Какая жалость, что эти двое — надежда своих родителей — разрушали все планы, глядя друг на друга с полным равнодушием. Семьи часто обменивались визитами, сходясь то на вечеринки, то на праздники, однако ни Жоан, ни Серафина не делали даже шага навстречу друг другу. Нужно было срочно принимать меры, и комендадор решил разузнать, что у сына на уме.
— Жоан, — начал как-то воскресным вечером отец, оставшись после чая в кабинете с сыном наедине, — ты никогда не думал посвятить себя политике?
— Что ты! Избави бог! — испуганно отвечал бакалавр. — Чего ради мне думать о политике?
— Ради того же, что и все…
— Но у меня нет призвания.
— Появится.
Жоан улыбнулся.
Отец продолжал:
— Я неспроста спросил тебя об этом. Один человек задал мне этот вопрос, и я вынужден был промолчать, имея в виду одно весьма важное обстоятельство.
— Какое же?
— Мне сказали, что ты часто бываешь на лекциях и собраниях вместе с дезембаргадором.
— А как же иначе — ведь мы дружим домами.
— И я так ответил. Того, кто спрашивал, похоже, убедил мой ответ, но, как видно, он имел в виду другое…
Бакалавр выжидательно глядел на отца, а тот раскуривал сигару.
— Он предположил, — продолжал комендадор, пуская дым, — что ты ходишь… я хочу сказать… что ты надеешься… одним словом, что ты влюблен.
— Влюблен?
— Вот именно.
— В дезембаргадора?
— Ну и шутник! В дочку дезембаргадора.
Жоан Агиар расхохотался. Отец засмеялся тоже, хотя это был скорее не смех, а гримаса.
Воцарилось молчание.
— Однако что тут смешного? — спросил комендадор. — Ведь даже дети влюбляются.
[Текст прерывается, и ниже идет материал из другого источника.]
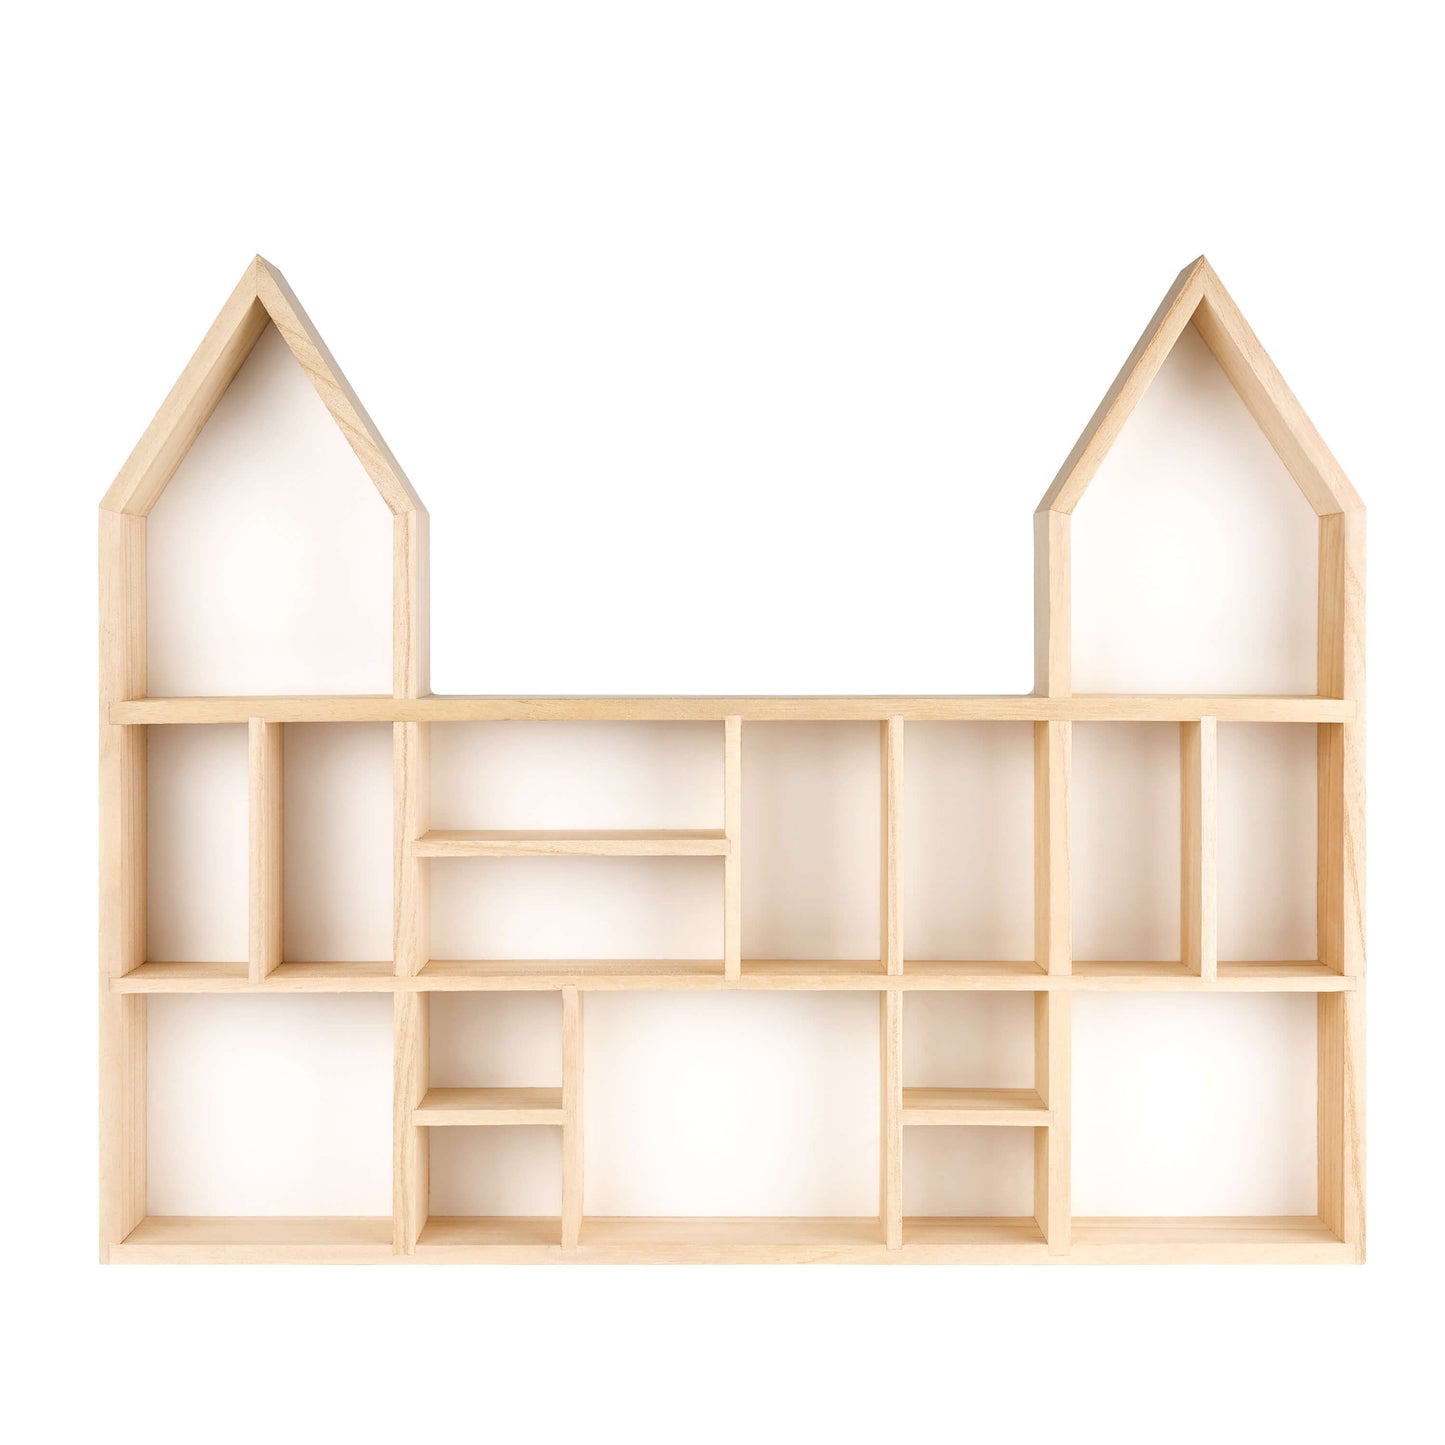 Castle shaped wooden toy display shelf with a white-colored backboard ( Empty, front view)

А тебе пора жениться, ей — выходить замуж. Наши семьи общаются. Вы часто бываете вместе. Стоит ли удивляться, что посторонний человек мог сделать такое предположение?
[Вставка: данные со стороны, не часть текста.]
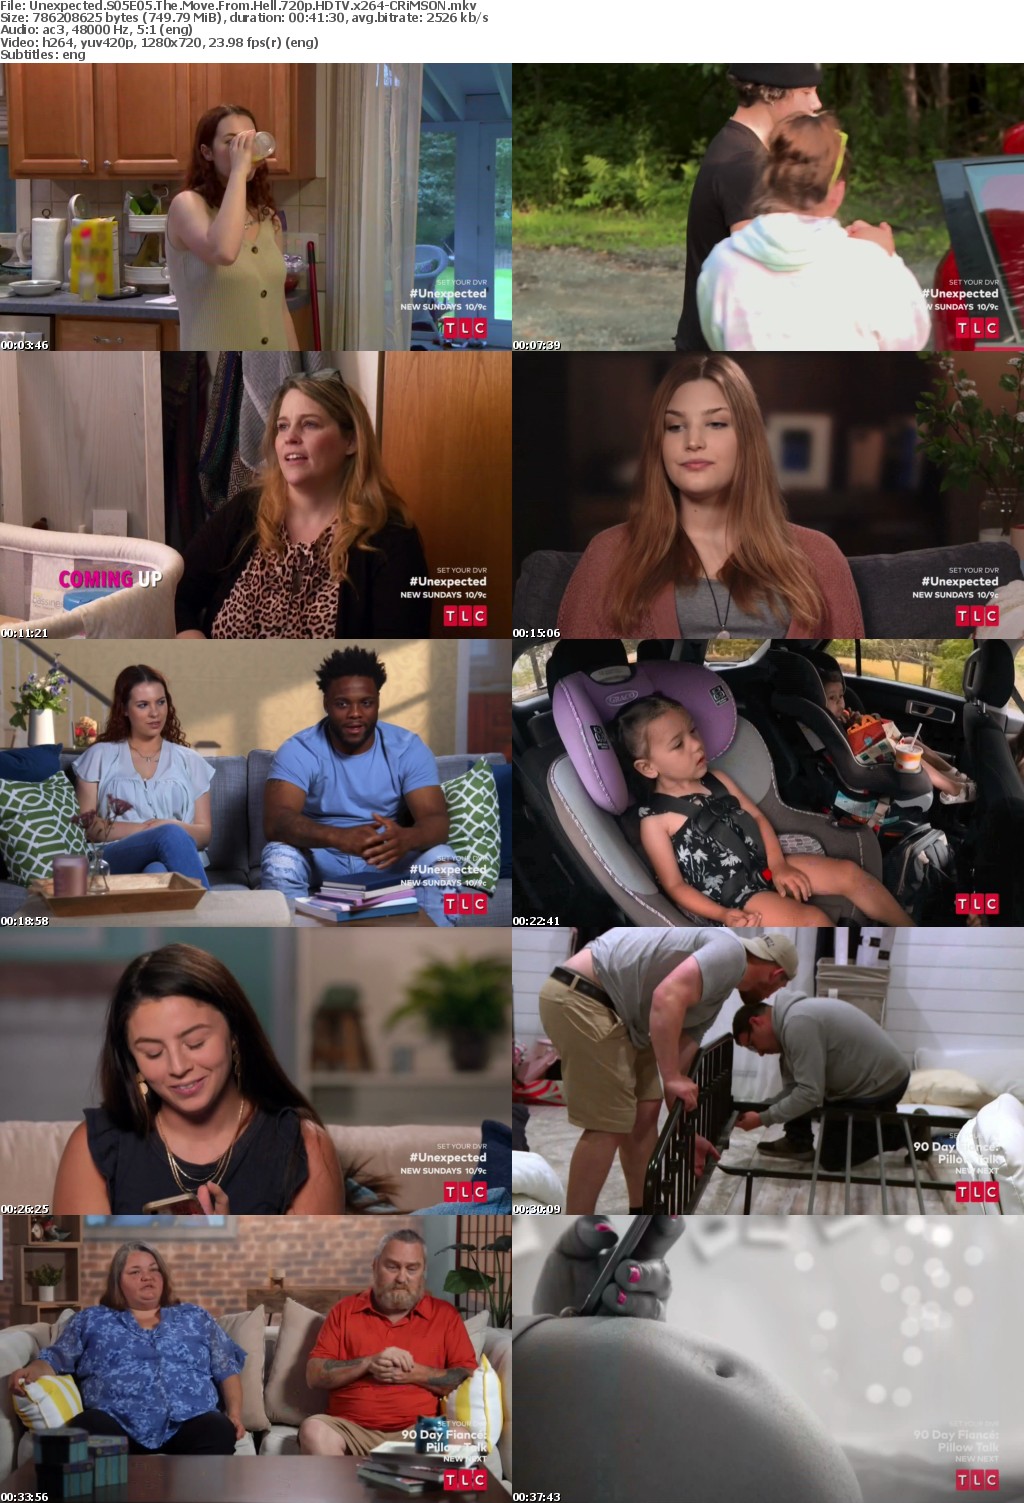 Unexpected S05E05 The Move From Hell 720p HDTV x264-CRiMSON

— Ты прав, но все это не так.
— Тем лучше… или — тем хуже.
— Хуже?
— Проказник! — продолжал отец шутливым тоном. — Может, ты считаешь, что она засиделась? Если ты хочешь знать мое мнение, то из девиц нашего круга ни одна не может с нею сравниться.
— Даже так?
— А разве нет?
— Я этого не нахожу.
— Ты полагаешь, что она…
— Нет, она очень красива, у нее множество достоинств, однако я не считаю ее самой красивой и самой достойной из всех, кого мы знаем…
— Назови мне любую другую…
— Ну, их много!
— Назови хоть одну.
— Сесилия, например, Сесилия Родригес, на мой взгляд, гораздо красивее.
— Да она просто кривляка!
— Папа! — воскликнул Жоан Агиар таким оскорбленным тоном, что комендадор застыл от изумления.
— Что такое? — спросил он.
Жоан Агиар не ответил. Комендадор наморщил лоб и вопросительно взглянул на молчавшего сына. Он прочел, нет, скорее угадал нечто катастрофическое; катастрофическое, поймите меня правильно, для его брачно-политических или политико-брачных, не знаю, как лучше, интересов.
— Надо ли это понимать так, что… — начал было комендадор.
— Что я ее люблю? — насмешливо перебил его сын.
— Я не это хотел тебя спросить, — возразил комендадор (хотя именно это он и собирался спросить), — но раз ты сам коснулся этого вопроса, то будет неплохо, если ты скажешь мне…
— Правду?
— Чистейшую правду.
— Я люблю ее, она любит меня, и, пользуясь этим случаем, я хочу, папа…
— Не продолжай, Жоан.
Бакалавр испуганно умолк.
— Ты хочешь жениться, не так ли? Неужели ты сам не видишь, что это невозможно? Я не хочу сказать, что это невозможно вообще: всякое случается на этом свете, если того требует природа. Но ведь у общества свои законы, которые мы не должны нарушать, а согласно этим законам такая женитьба невозможна.